Чтение онлайн

на главную

Жанры

«Стихи мои! Свидетели живые...»: Три века русской поэзии
Шрифт:
Душа стесняется лирическим волненьем <…> И мысли в голове волнуются в отваге, И рифмы лёгкие навстречу им бегут, И пальцы тянутся к перу, перо к бумаге, Минута — и стихи свободно потекут. («Осень», 1833)

В своем знаменитом «Памятнике» (1836) Пушкин поставил себе в заслугу не просто воспевание «любви и тайной свободы», как в юности, а пробуждение «чувств добрых»

и милосердия и прославление свободы в «жестокий век».

Послепушкинские литературные поколения боготворили великого поэта и почитали в нем «наше — всё». Лермонтов, в котором угадывали наследника Пушкина, восхищался его «дивным гением» и «свободным, смелым даром», но не желал ему подражать, как и Байрону,«Я другой, еще неведомый избранник». И хотя в ранней лермонтовской лирике проскальзывали пушкинские нотки («звуки громкой лиры», «вдохновенный труд»), но уже с самого начала в ней появляются иные мотивы и образы. Так, в «Песне барда» (1830) разочарованный герой бросает на землю гусли и топчет их ногами. А в стихотворении «Пускай поэта обвиняют…» (1831) песнь автора «свободно мчится, как птица дикая в пустыне, как вдаль по озеру ладья». И позднее сравнительные обороты — излюбленный приём Лермонтова: «На мысли, дышащие силой, / Как жемчуг, нижутся слова», «И рифмы дружные, как волны, / Журча одна вослед другой, / Несутся вольной чередой».
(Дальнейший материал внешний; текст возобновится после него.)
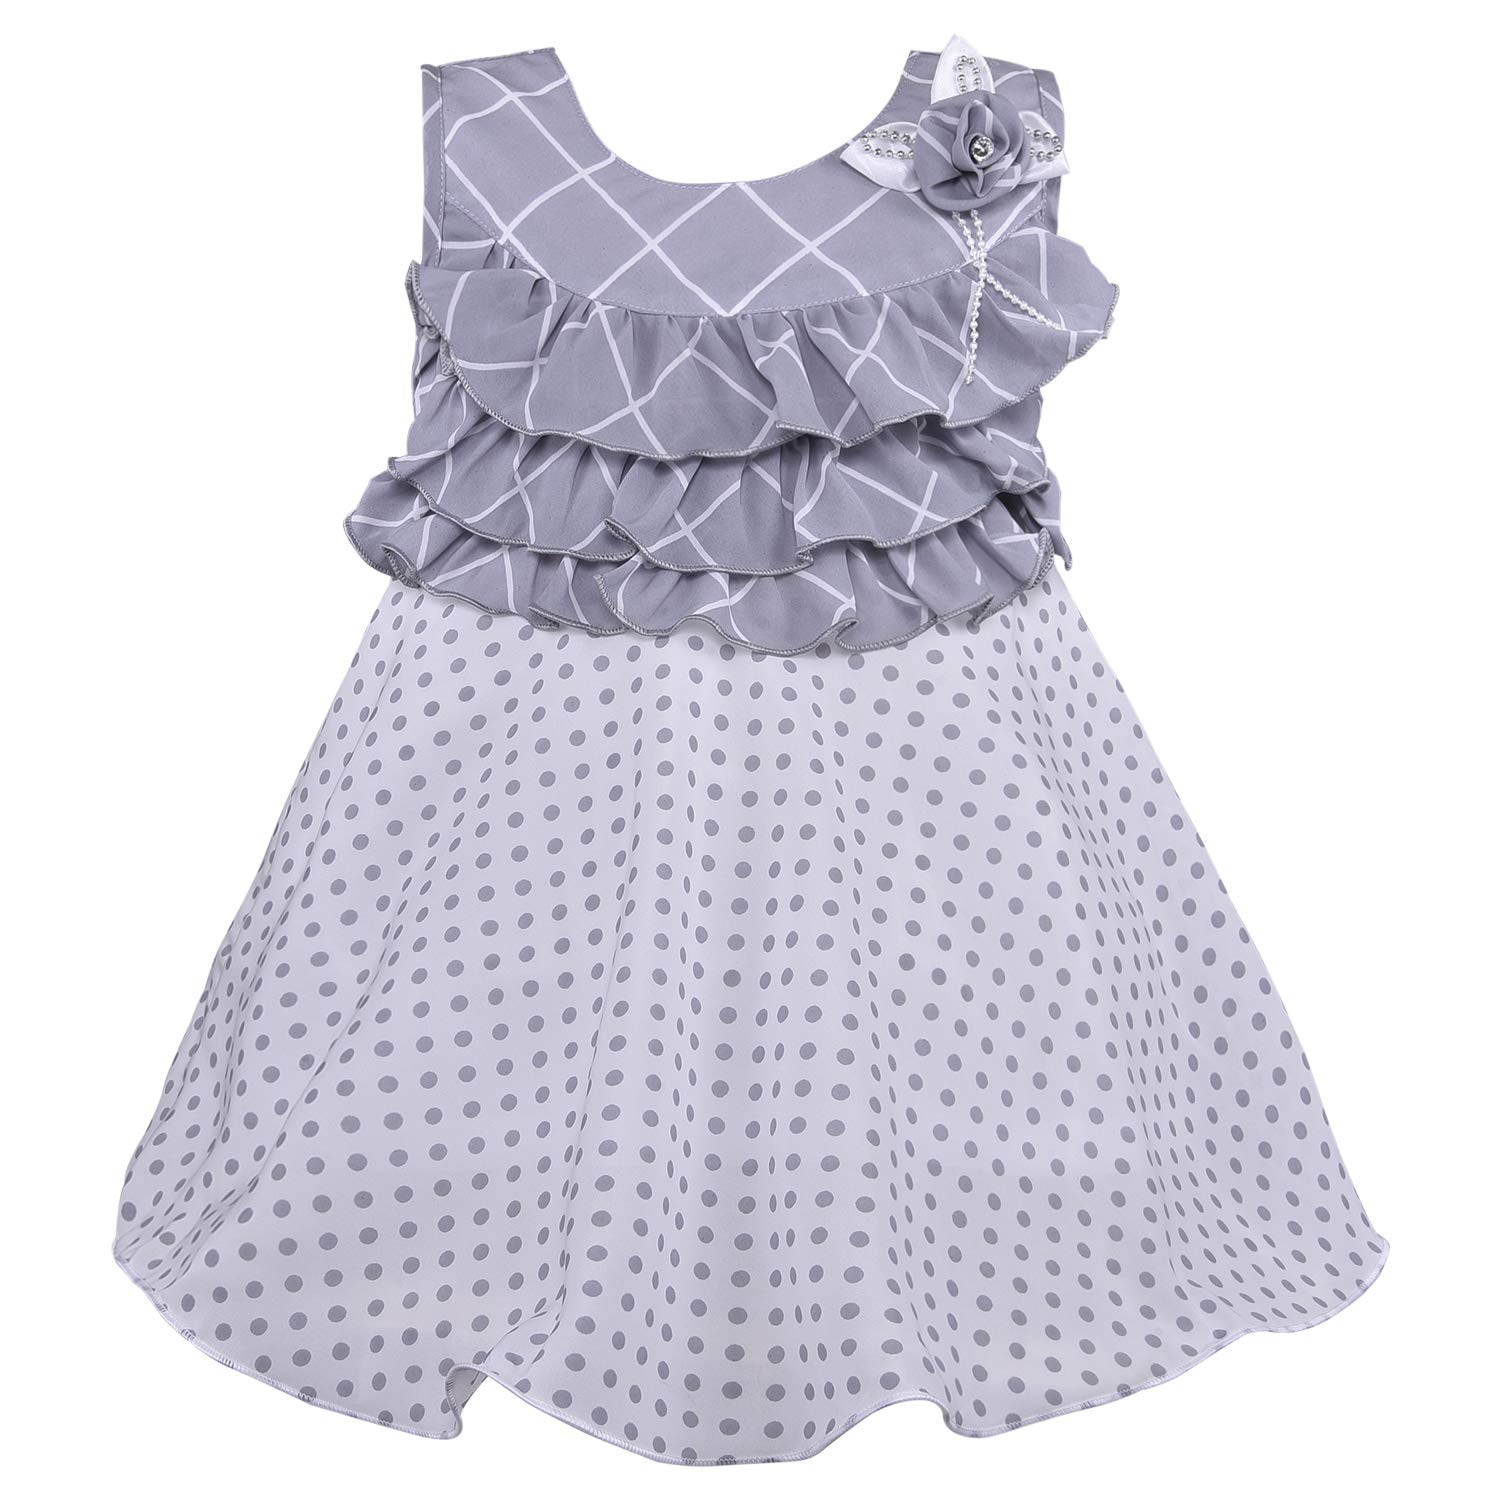 Baby Girls Dress Frock-fe2813gry - Wish Karo Party Wear - frocks Party Wear - baby dress
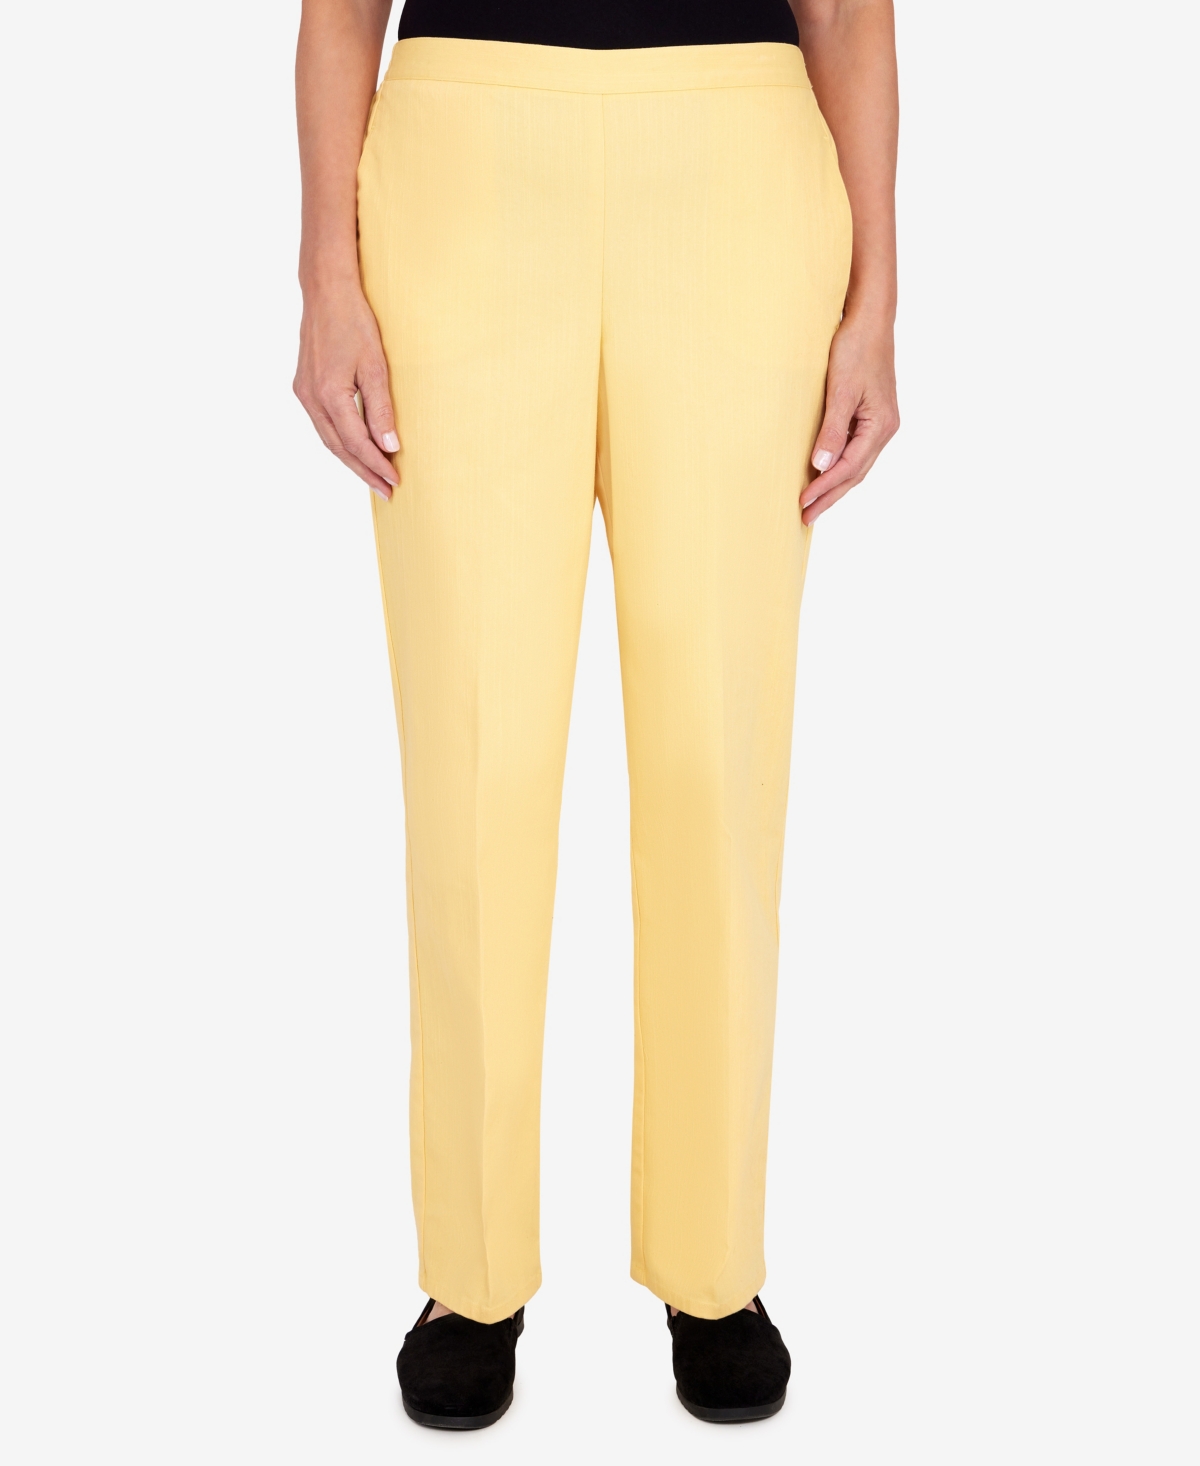  Alfred Dunner Women's Bright Idea Sunshine Medium Length Pants

По-своему юный стихотворец мечтал и о славе: «Я рождён, чтоб целый мир был зритель / Торжества иль гибели моей» (1832). Он хотел бы добиться совершенства во всем и создать «высокие» песни, чтобы их хвалили потомки, но знает, что «вечно слава жить не может» (1831). Лермонтовские отзывы о собственных стихах исполнены и трагизма, и веры в свою гениальность («повествованье горькой муки», «моя пророческая речь»). Поэт то в «горьких строках» предаёт позору людские пороки, то славит «из пламя и света рождённое слово».

А два самые известные изречения Лермонтова можно поставить эпиграфами к его поэтическому творчеству. Одно — о его стихе: «железный стих, облитый горечью и злостью». Другое — о роли поэзии в мире:

Твой стих, как Божий дух, носился над толпой; И отзыв мыслей благородных Звучал, как колокол на башне вечевой, Во дни торжеств и бед народных. («Поэт», 1838)

Так за несколько лет поэт прошел путь от юношеских мечтаний о личном торжестве к пониманию необходимости общественного служения.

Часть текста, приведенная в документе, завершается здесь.